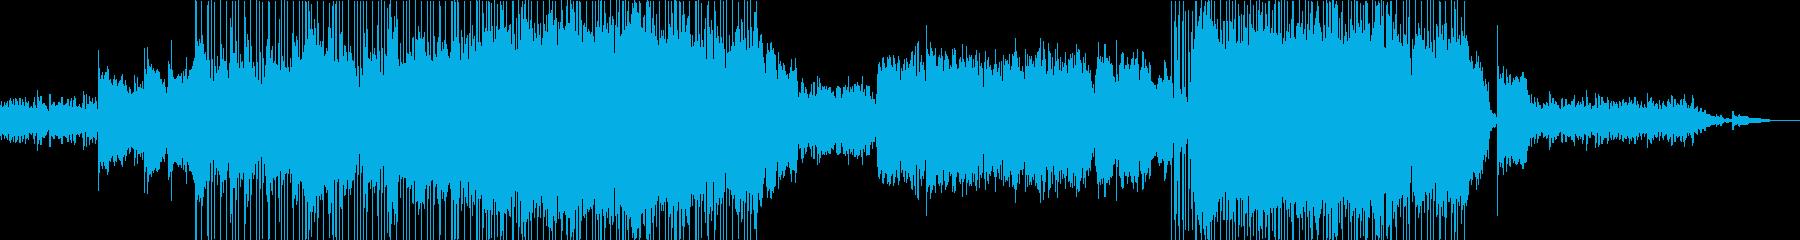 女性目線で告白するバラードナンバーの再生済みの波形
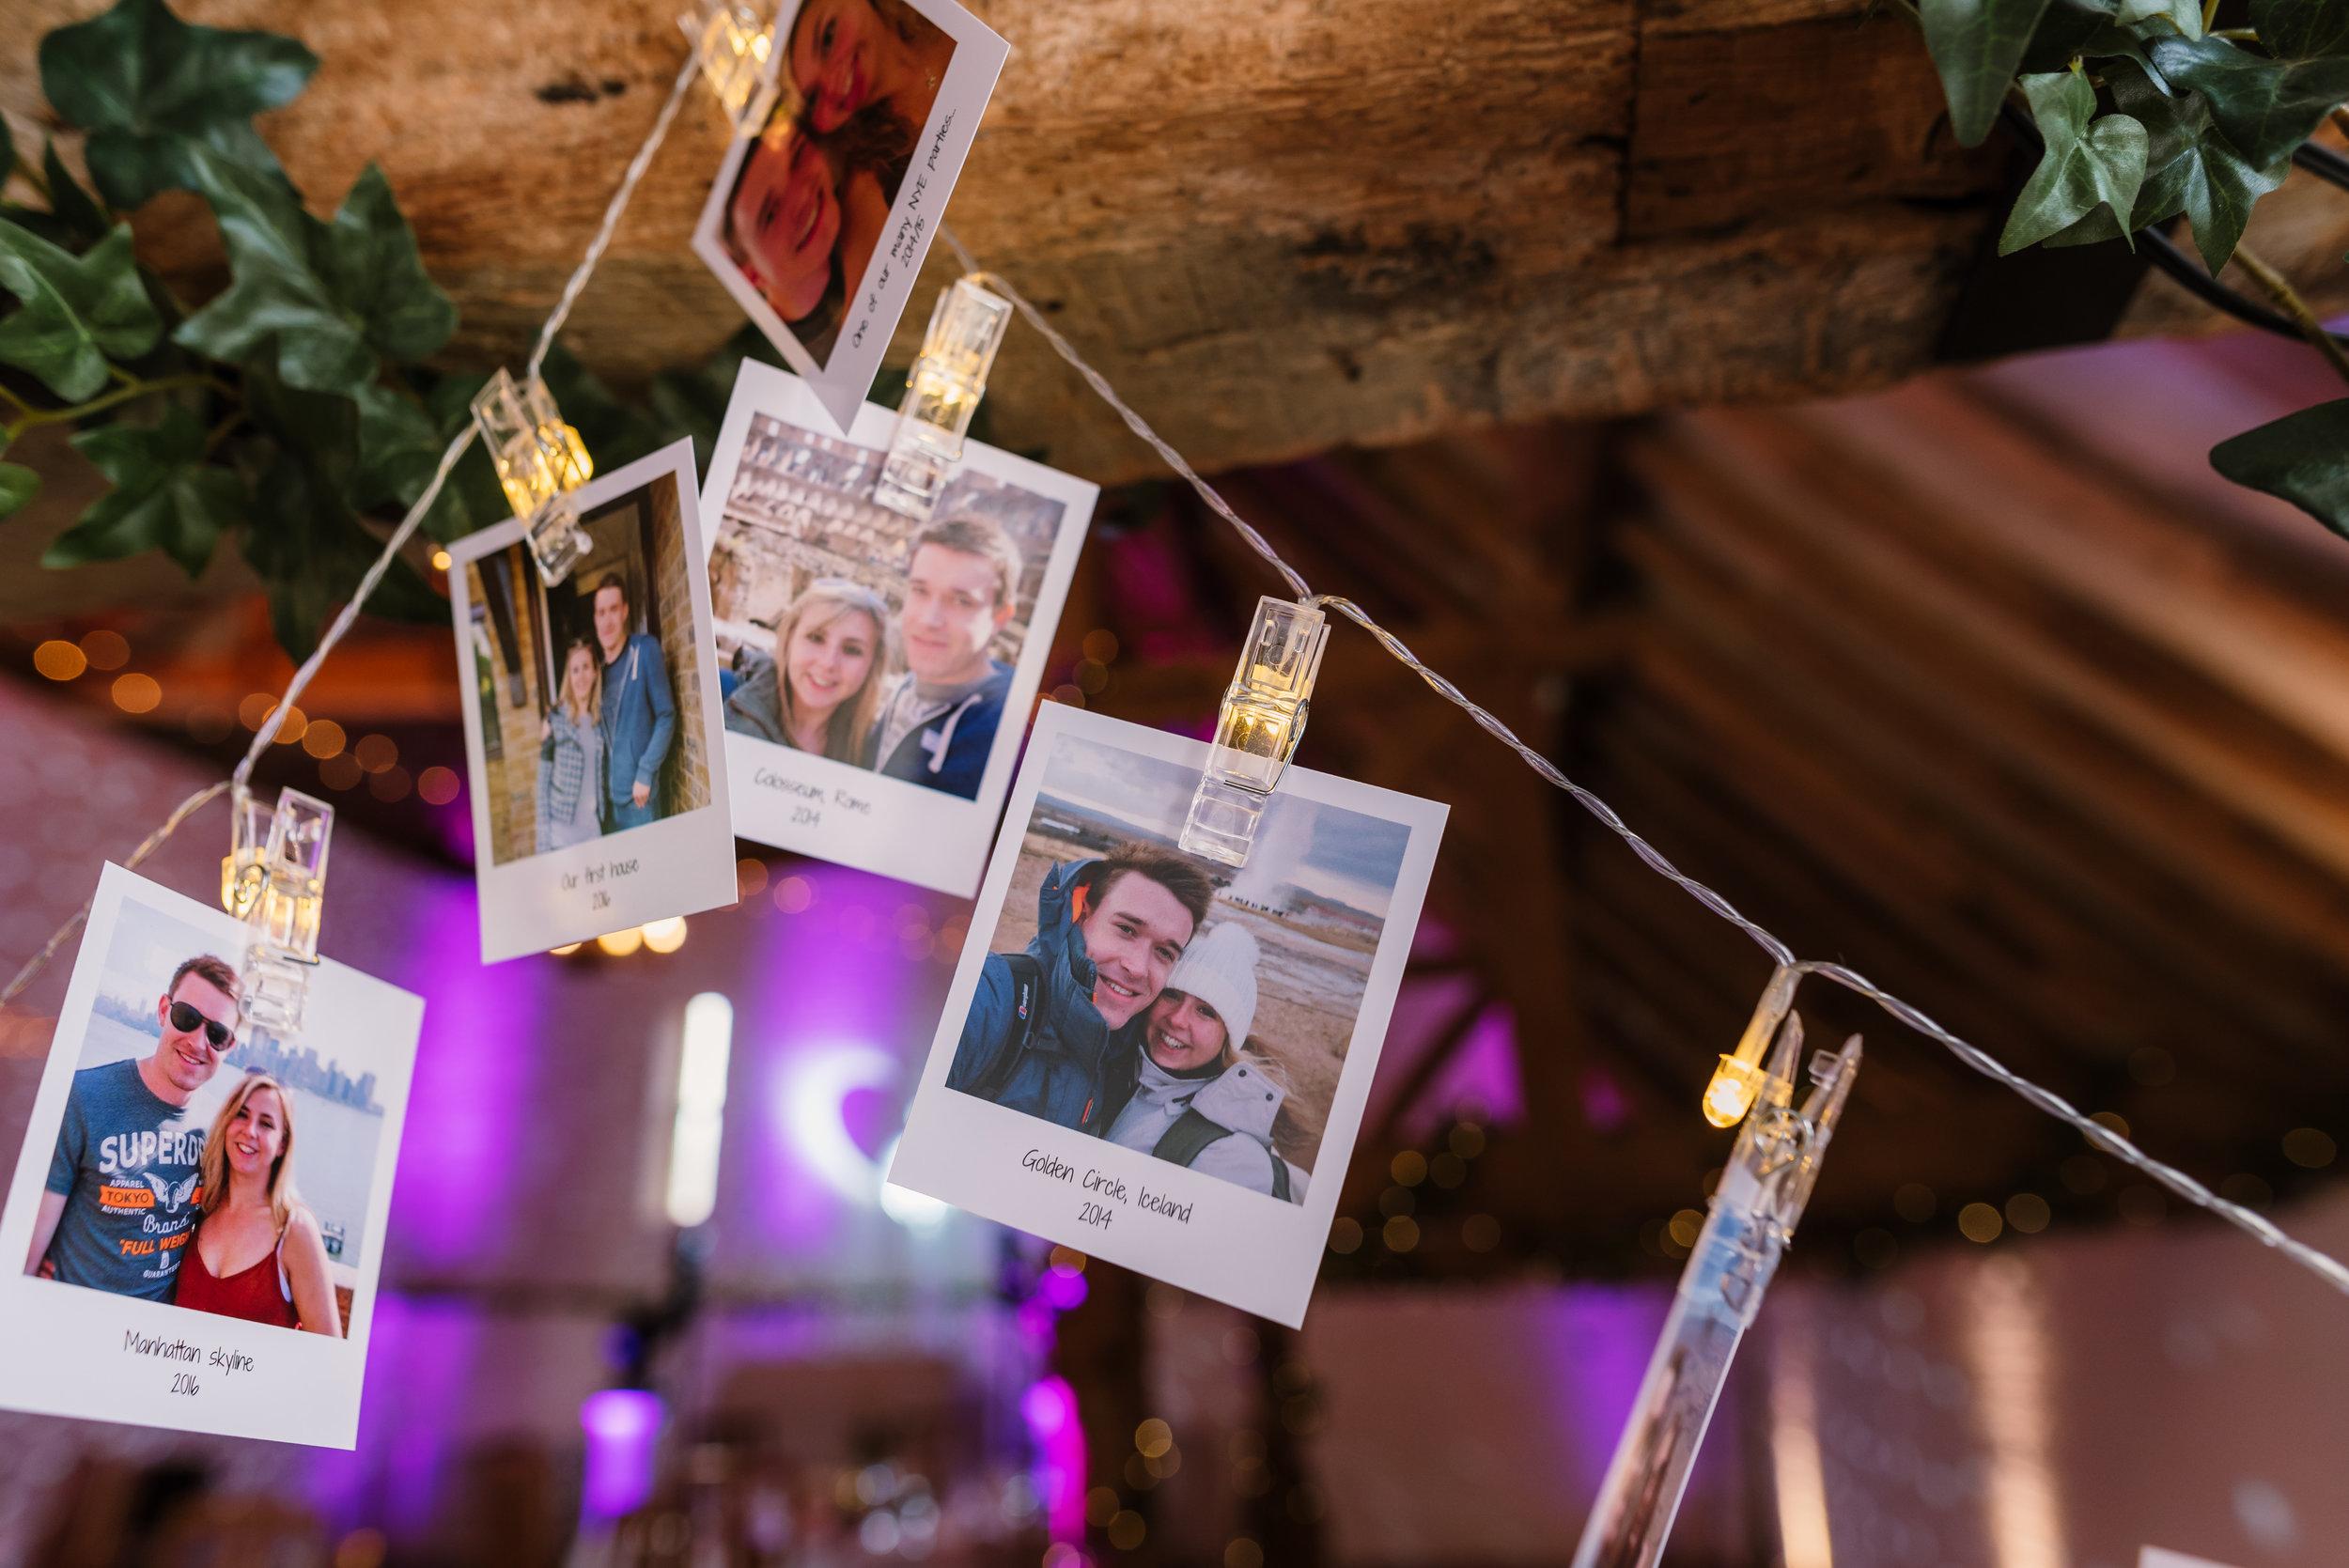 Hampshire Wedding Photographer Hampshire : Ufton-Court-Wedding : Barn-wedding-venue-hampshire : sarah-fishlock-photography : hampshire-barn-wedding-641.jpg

--

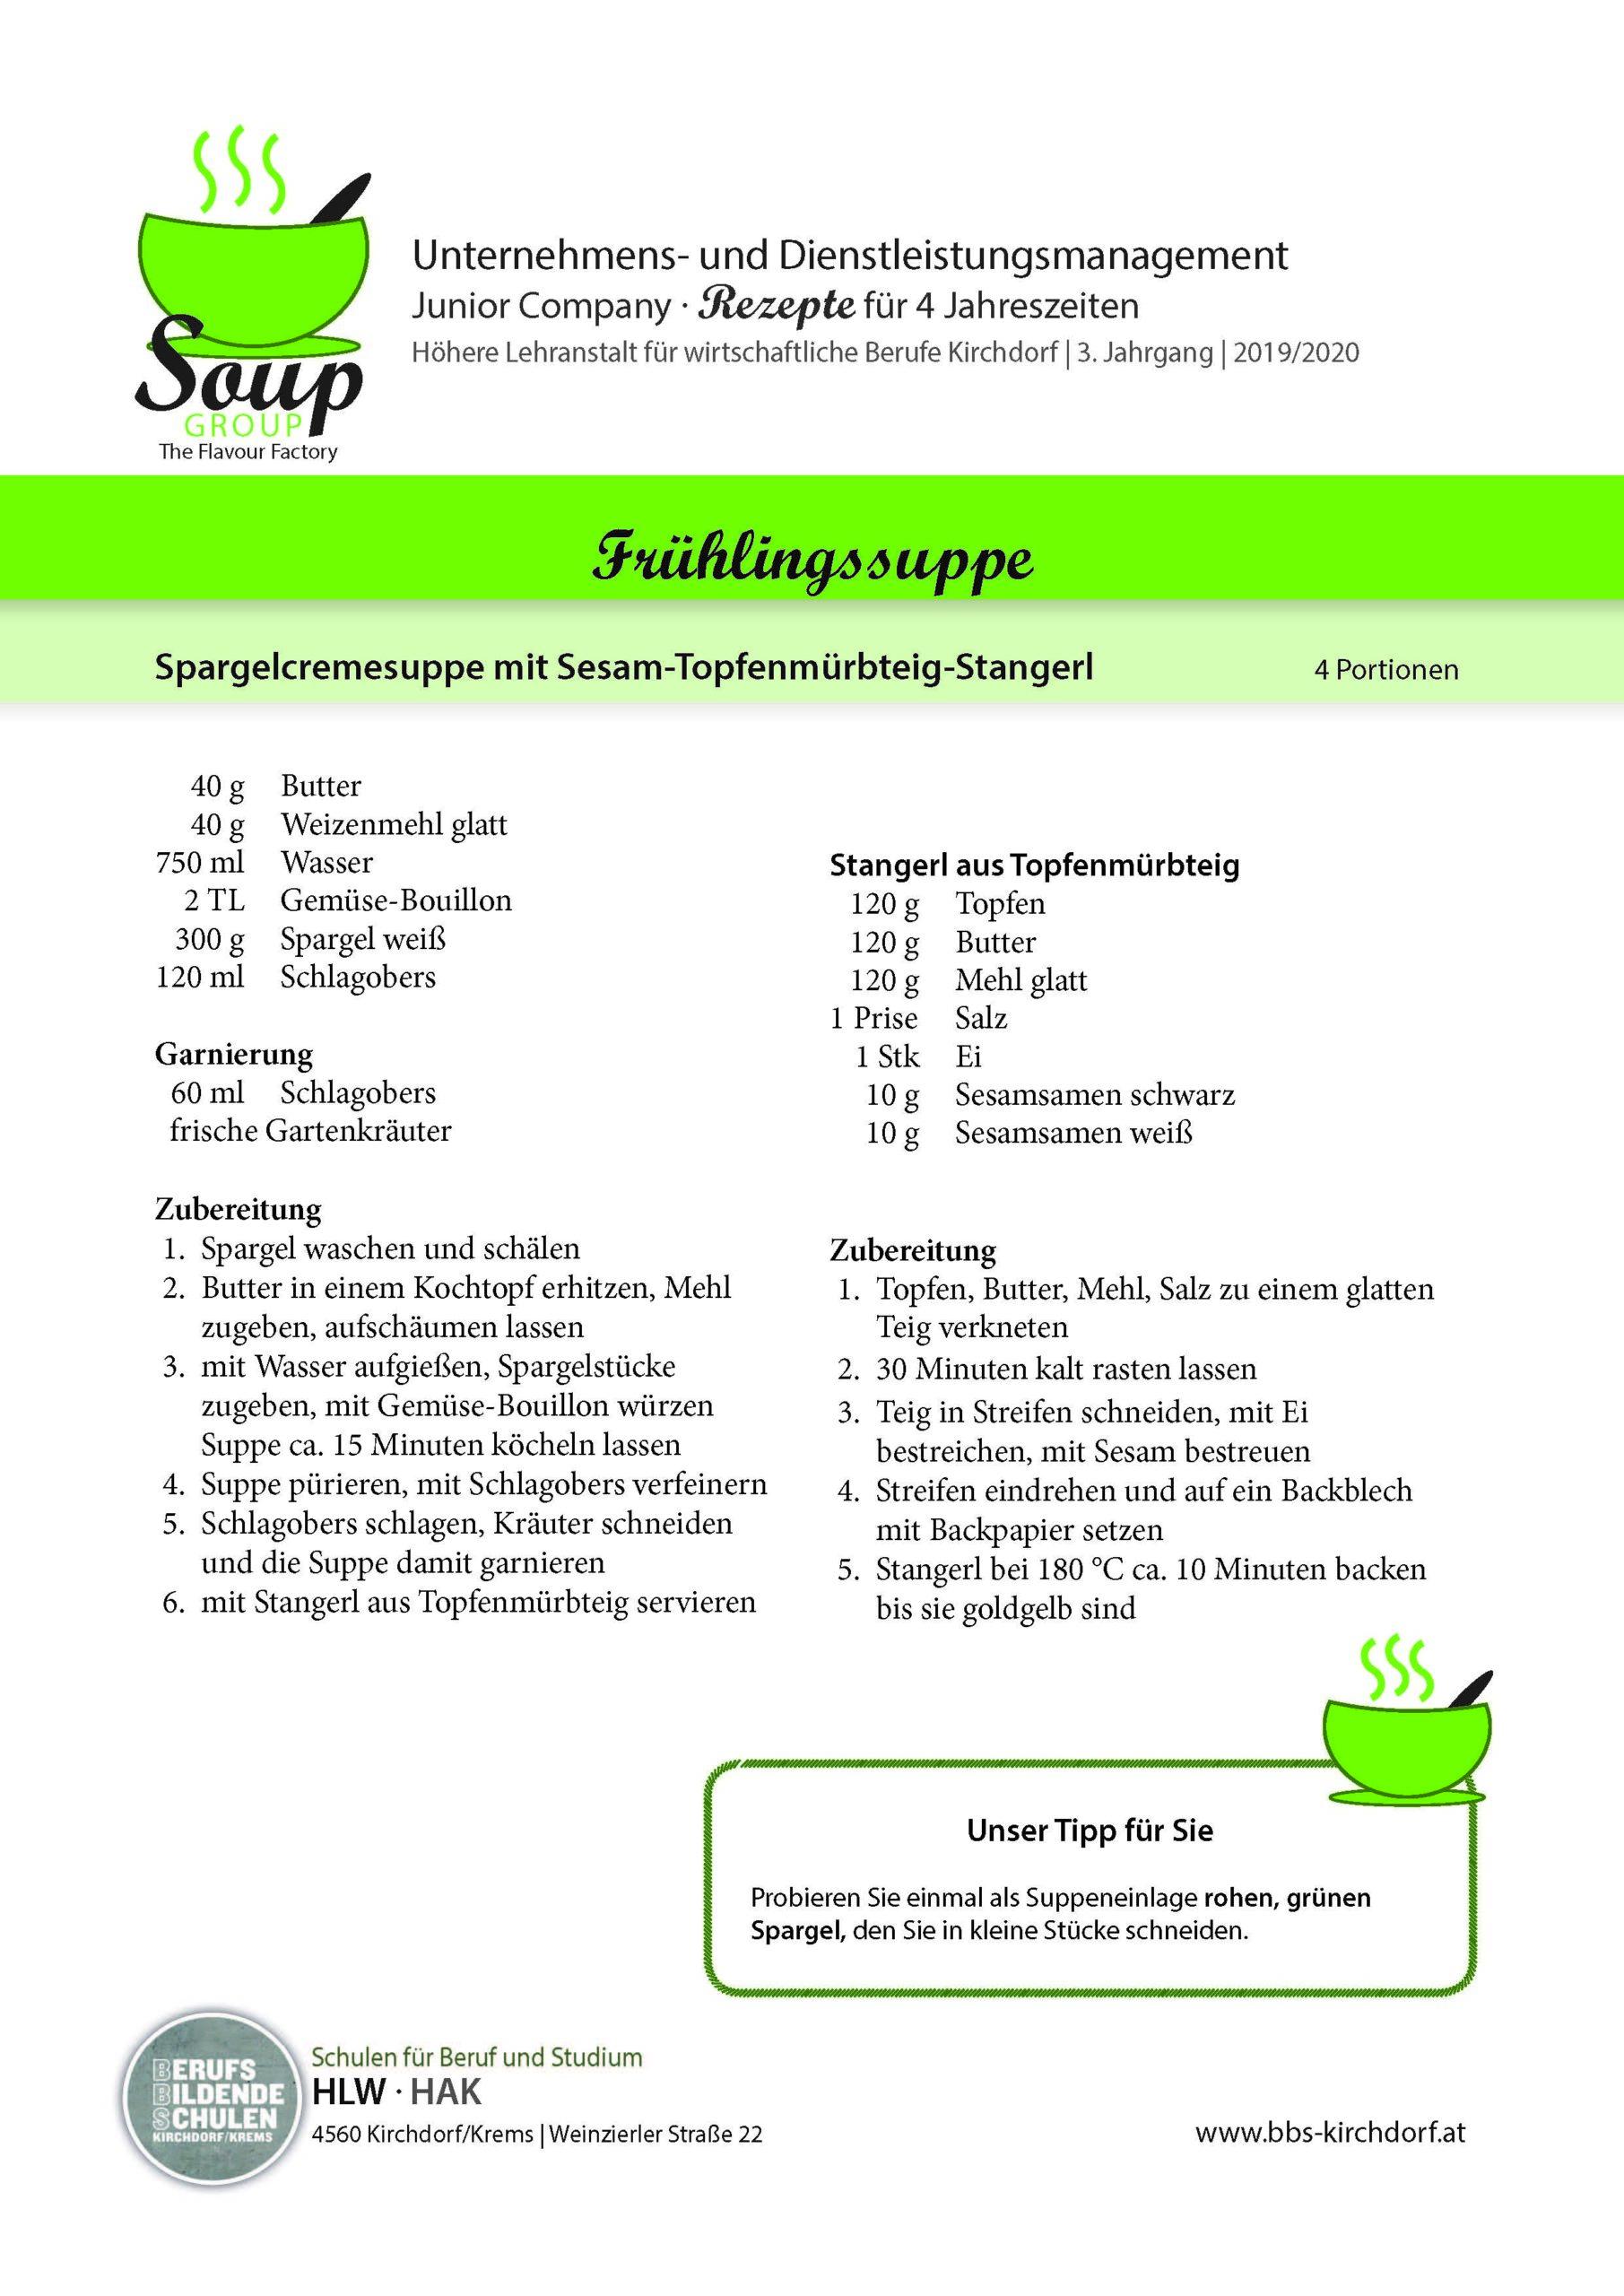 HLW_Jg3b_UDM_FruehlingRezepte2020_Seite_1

* * *

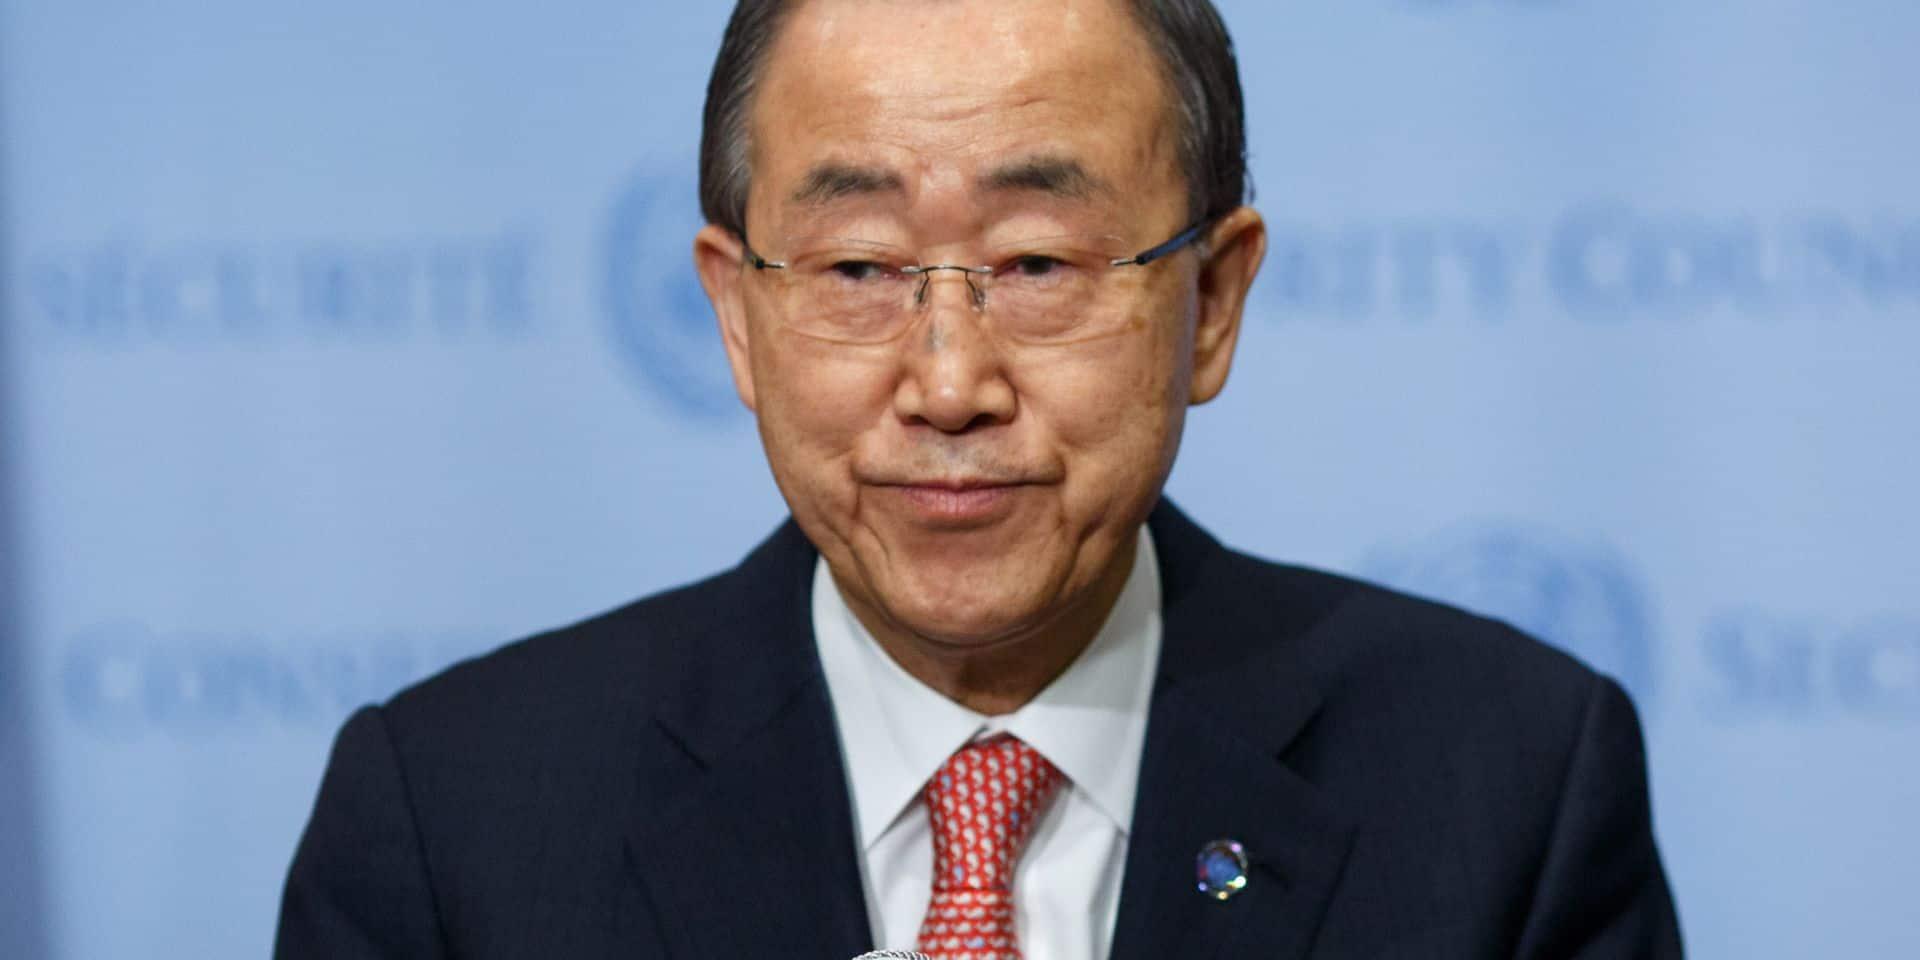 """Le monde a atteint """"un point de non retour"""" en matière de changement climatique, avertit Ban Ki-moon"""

> _What is expected_
When you reach the line with "女性目線で告白するバラードナンバーの再生済みの波形" in the records above, begin repeating the lines exactly, and stop after the line with "Hampshire Wedding Photographer". Skip all pictures.

> _Written response_
 女性目線で告白するバラードナンバーの再生済みの波形
 Hampshire Wedding Photographer Hampshire : Ufton-Court-Wedding : Barn-wedding-venue-hampshire : sarah-fishlock-photography : hampshire-barn-wedding-641.jpg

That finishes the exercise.